Super Six, Hai Hai!!It has happened -- the unthinkable has happened. The world record has been broken and I'm not talking about Sachin's unbeatable 140 against Kenya or Dravid and Ganguly's partnership of 318 vs Sri Lanka. These are things which everyone knows. I'm talking about that record being broken which was set by the highest grossing motion picture of all times Titanic. And who has shattered that record but Star Wars -- The Phantom Menace. May the force always be with you. And where Indian politics is concerned, may the farce always be with us.
Magar choddo vilayaat ki baaton ko, let's talk about cricket. Last month, I said the three most probable teams to enter the World Cup finals would be South Africa, Australia and England. Now, England has entered the finals -- not the finals of the World Cup but the final stage of their cricket playing days. England is officially out of the Super Six -- the way they played with India, the only Super Six they would get to see wouldbe Juhu Beach's Super Sixes -- Kamla, Vimla, Razia, Sultana, Cochin Priya and Shakuntala, hai hai. De taale! (Eunuch what I mean.)
So, I was completely wrong about England. I'm sorry about that readers, inconveniences regretted by cinema management. Me thinks the same thing happened to Alec Stewart that happened to Shah Rukh Khan in the Pepsi ad -- you know, when the English guard told him "Chall phutle". But do not worry about Alec Stewart's career, my friends. He is now working at a riverside inn bar in North London as a stewart(d). Phutne ki baat challe, to bhagya to Ranatunga saab ke bhi phute hain. I think Ranatunga should retire from cricket and become Rana of Raja and Rana fame and ride a tanga.
The same goes for the West Indies -- arre, Lara tu kaise hara. Chul wapas chal Chanderpaul ghar se aa gaya mummy ka call. And Curtly Ambrose (the missing link) should now just say, `Am roze haar ta hai.'
I think the WestIndies team should now become vegetable vendors -- and should start selling ladies fingers. They would make a lot of money there because only the cricketers of the West Indies would be able to sell the best bhindis.

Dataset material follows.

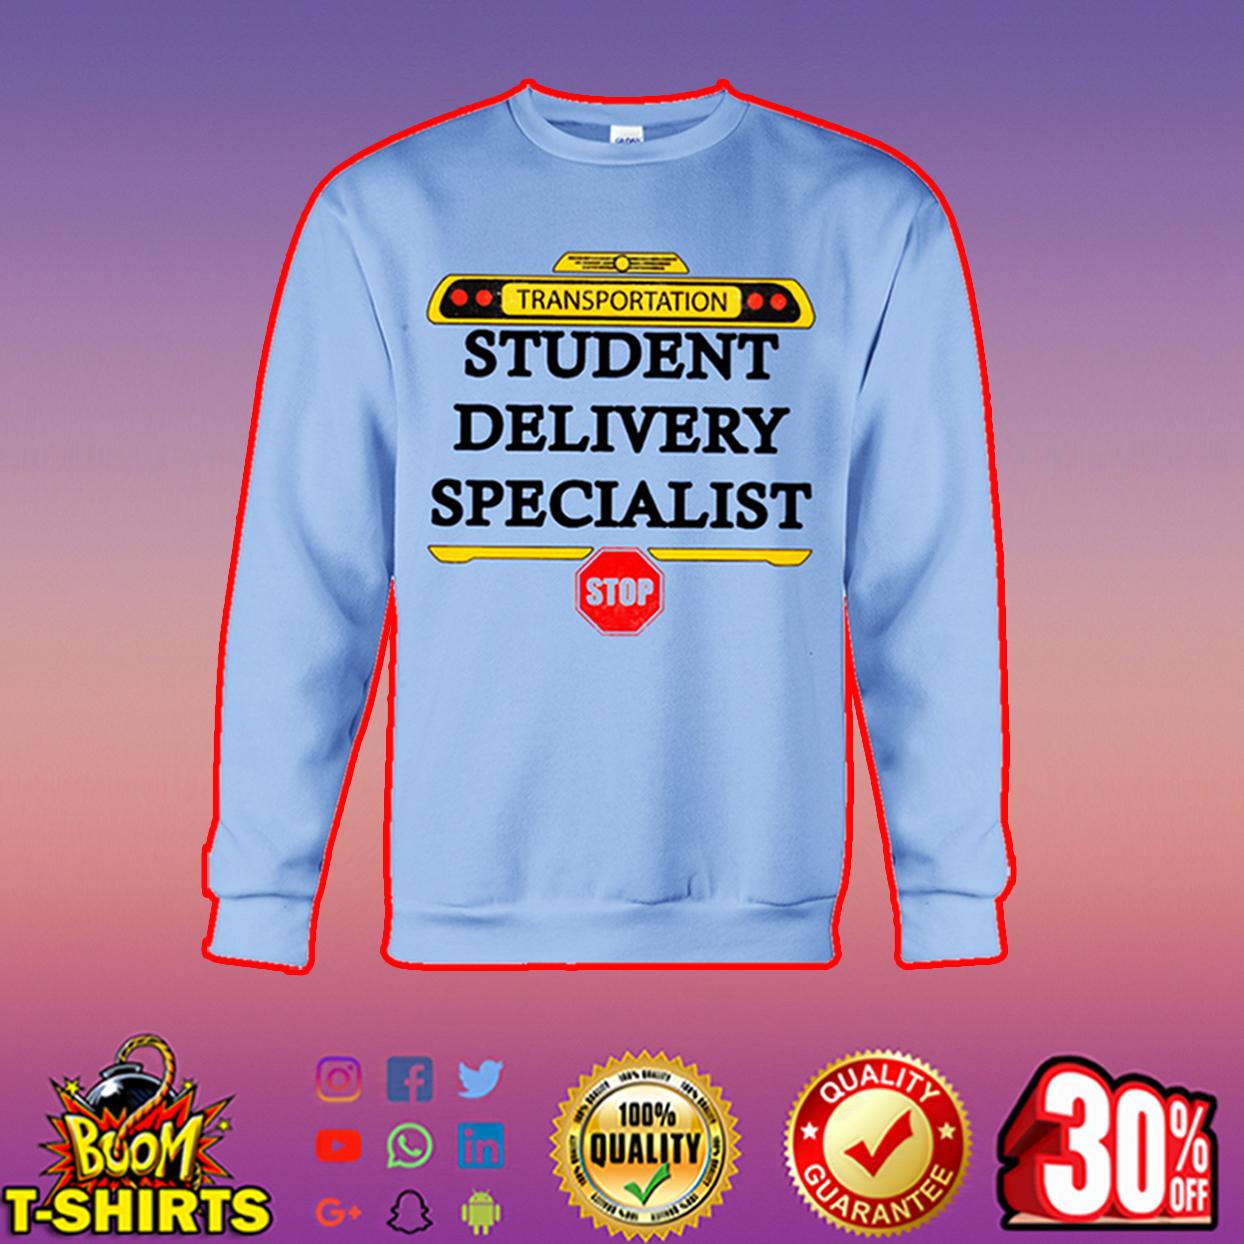 Transportation student delivery specialist sweatshirt

But all said and done, some moments can never be forgotten. Like Zimbabwe beating South Africa (I wonder how much money Hansie Cronje and his team bet on Zimbabwe to win), Bangladesh beating Pakistan (let's check Wasim Akram's bank account now) and India thrashing England and then Venkatesh Prasad being lifted and tossed around by the thousands of spectators (I've heard of tossed salad but never of tossed Prasad). Last but not the least, who can forget the controvesial decision of LBW against Graham Thorpe given in India's favour by Pakistani umpire Javed Akhtar. Actually what must've happened after that ball was delivered is that Srinath must've asked the umpire, `Which floor do you stay on?' And he must've said, `The 13th floor, right on top,' and raised his finger.
So after all, theumpire does strike back.
Today's is a crucial match (besides being a contraceptive and a ball pen). The big one: India vs Australia. Both teams have to win all matches to enter the semi finals. Do or die. Dil kehta hain Hindustan, bheja kehta hain Australia. I some how seem to know the result of every match before hand because of my frind Suresh Menon (no, he is not related to model-actress and now veejay Shweta Menon who is perpetually dressed in black so that people can call her Menon black). He is not just a very funny guy but knows more about cricket than Vijay Merchant. This guy is not just good looking but also witty, young and available (I am not talking about Vijay Merchant but the super stud, Suresh). Interested girls may contact on: 98210 94717 between 6.00 am and 6.00 am.
Coming back to cricket, according to me, some of the players of the Indian cricket team should be replaced by Ramu Ghariyali and Kartik More as the opening batsmen. They are in charge of the bat cages at the localchidiyaghar and no body would be better bats than them. Fast bowler: Salman Khan -- nobody can bowl maidens over faster than him. I would love to stay back and give you more details about the team but I've got to go now because the match has started. No my friends, I am not talking about India vs Australia. I am talking about the fighting match between Mr Mansukhramani, my building secretary, and Mr Karanjia, my building treasurer, at the local buildiny meeting.
Sajid Khan says India will win -- if not the World Cup, then everyone's sympathy.